Early Involvement: Procurement should involve logistics early in the procurement process. By engaging logistics experts from the beginning, procurement can gain insights into specific logistics requirements, challenges, and opportunities. This enables them to consider logistics-related factors when evaluating potential suppliers, negotiating contracts, and making sourcing decisions.

Collaborative Supplier Selection: Procurement and logistics should collaborate in selecting logistics service providers. Logistics should provide input on supplier capabilities, service levels, geographic coverage, and any specific requirements related to transportation modes, warehousing, or distribution. Procurement can then leverage this information to evaluate potential suppliers, negotiate contracts, and select the most suitable logistics partners.

Performance Metrics and KPIs: Procurement and logistics should define key performance indicators (KPIs) and service level agreements (SLAs) together. Logistics should contribute their expertise in identifying relevant metrics, such as on-time delivery, transit times, order accuracy, and responsiveness. Procurement can then incorporate these metrics into contracts, ensuring that they reflect the company’s expectations for value and service quality.

Continuous Performance Evaluation: By regularly reviewing supplier performance against established KPIs, they can identify areas for improvement, address any concerns, and drive accountability. This evaluation process should be collaborative, with logistics providing input on operational aspects, and procurement focusing on contractual compliance and cost effectiveness.

Data Sharing and Visibility: Procurement and logistics should establish effective data sharing and visibility mechanisms. They should leverage technology solutions that enable real-time information exchange, such as transportation management systems (TMS) or supply chain visibility platforms. This shared visibility allows both departments to monitor logistics operations, track shipments, identify bottlenecks, and proactively address any issues that may impact value or performance.

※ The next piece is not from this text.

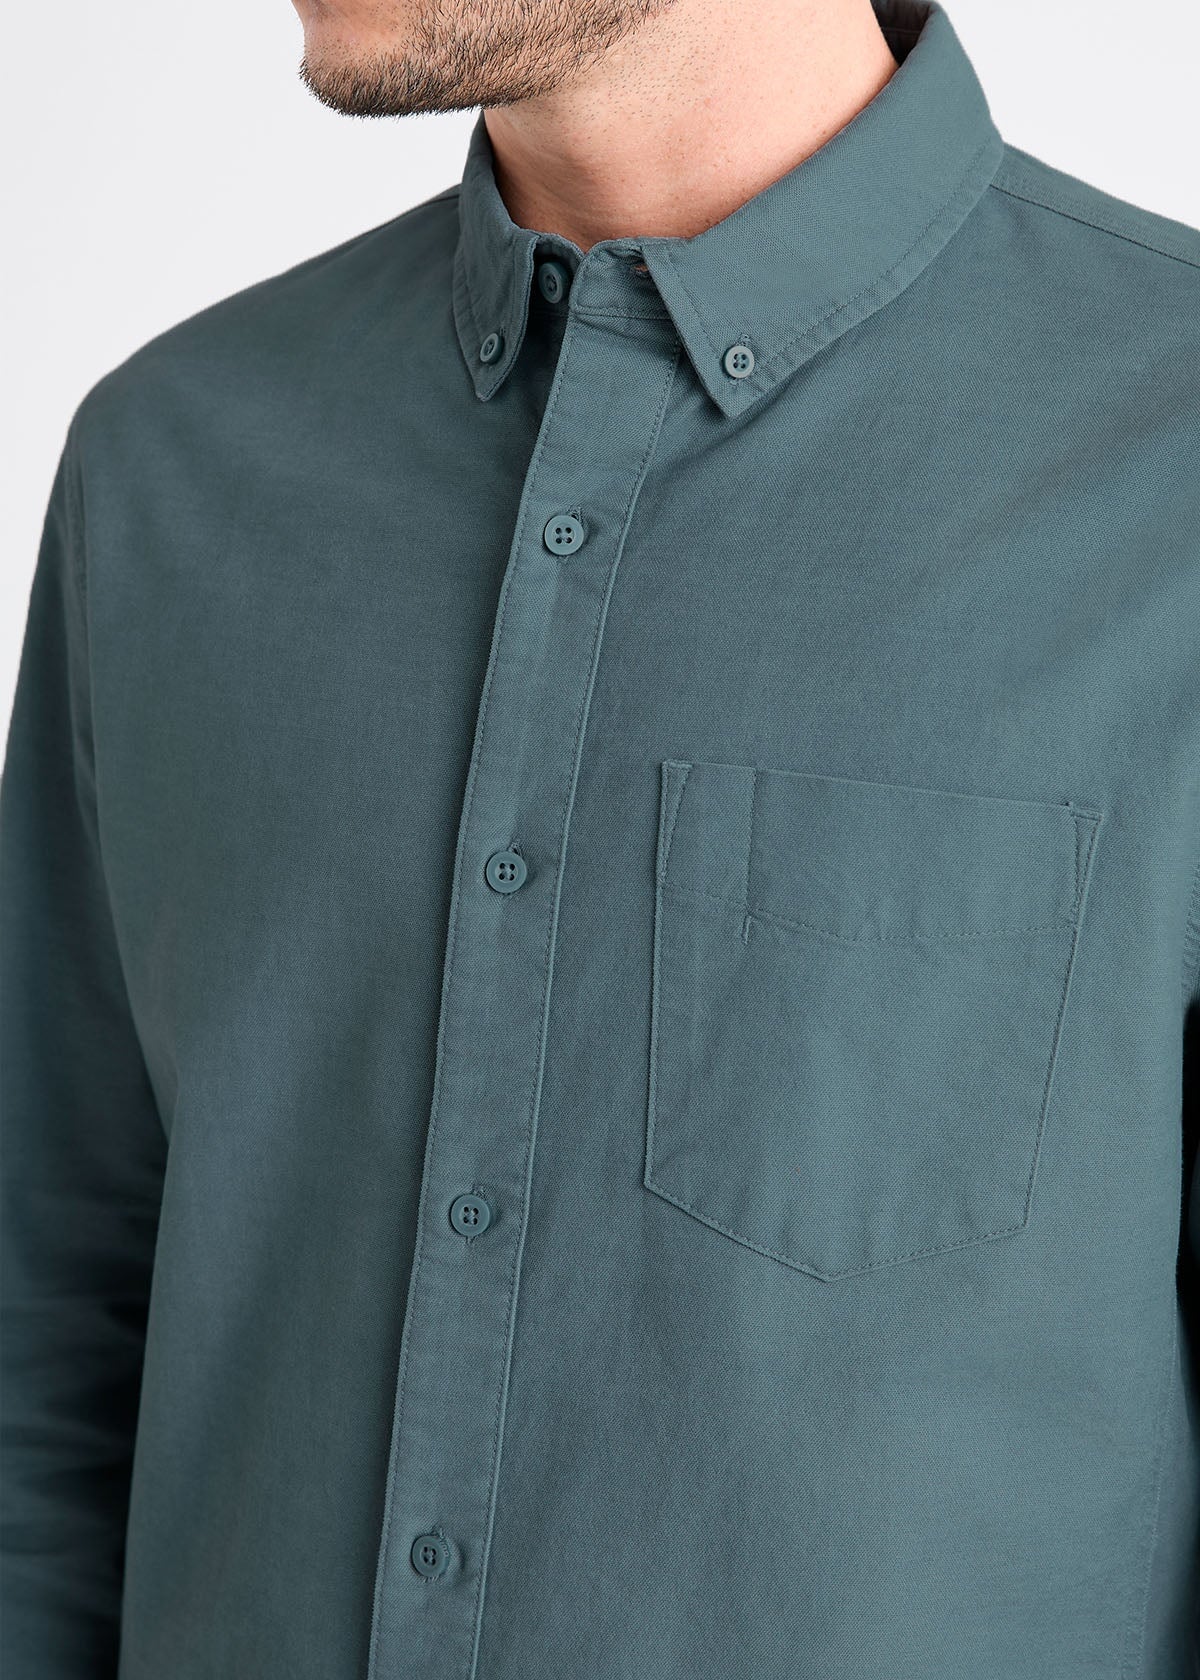 mens blue stretch button down shirt chest pocket detail

Continuous Improvement Initiatives: Procurement and logistics should jointly drive continuous improvement initiatives. By sharing insights, best practices, and lessons learned, they can identify opportunities for process optimization, cost reduction, and service enhancement. Regular communication and collaboration foster a culture of continuous improvement throughout the procurement and logistics functions.

Supplier Relationship Management: Procurement and logistics should work together to manage relationships with logistics service providers. They should collaborate in supplier performance reviews, contract renewals, and contract negotiations. By maintaining strong relationships with logistics partners, they can leverage these partnerships to drive value, innovation, and continuous improvement.

parcel and freight contract audit service

So while we’re sure most companies would think twice about leaving $12 Million in potential savings on the table, (especially when the savings projections were clearly documented as they were in this case), when dealing with logistics and supply chain operations the three most important elements are Communication, More Communication and Even More Communication!